Schizonycha meracula

Scientific classification
- Kingdom: Animalia
- Phylum: Arthropoda
- Clade: Pancrustacea
- Class: Insecta
- Order: Coleoptera
- Suborder: Polyphaga
- Infraorder: Scarabaeiformia
- Family: Scarabaeidae
- Genus: Schizonycha
- Species: S. meracula
- Binomial name: Schizonycha meracula Péringuey, 1904

= Schizonycha meracula =

- Genus: Schizonycha
- Species: meracula
- Authority: Péringuey, 1904

Species of beetle

Schizonycha meracula is a species of beetle of the family Scarabaeidae. It is found in Namibia.

== Description ==
Adults reach a length of about 11 mm. They are very similar to Schizonycha infantilis, but the corners of the clypeus are more broadly rounded, the very sharp carina is not sinuate, and is normally arcuate, but the basal carina which is not very sharp, especially laterally, is produced in a triangle the apex of which is prolonged into a not very well defined longitudinal raised line reaching the centre of the frontal carina.
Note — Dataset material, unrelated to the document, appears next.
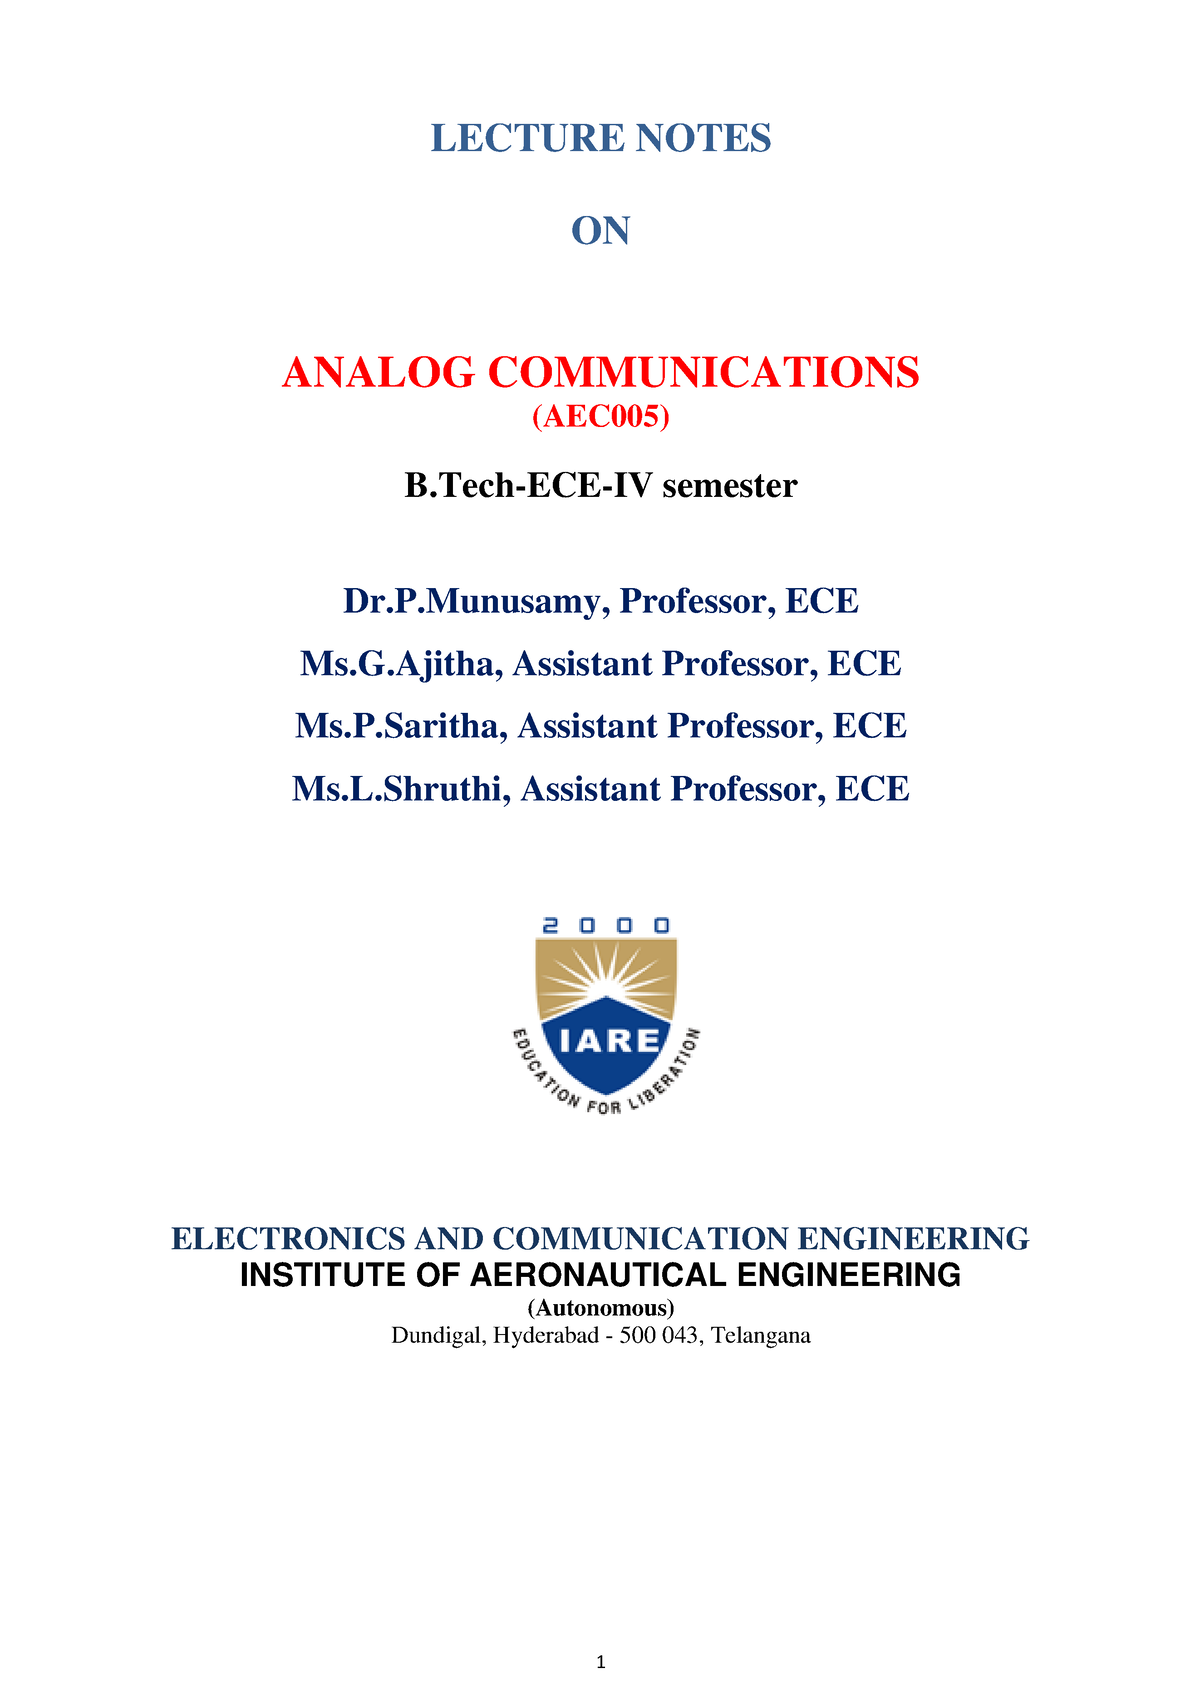 research paper on analog communication

The punctures are plainly asperous in the frontal part and more shallow on the clypeus. On the pronotum, which is of nearly similar shape but less obliquely attenuate laterally, the punctures in the posterior part are a little more scattered, and there is on the median part a somewhat indistinct longitudinal smooth space. The punctures on the scutellum are less numerous. On the elytra, the discoidal part is somewhat coriaceous owing to some sub-transverse slightly raised folds, and the very briefly setigerous punctures are a little wider apart.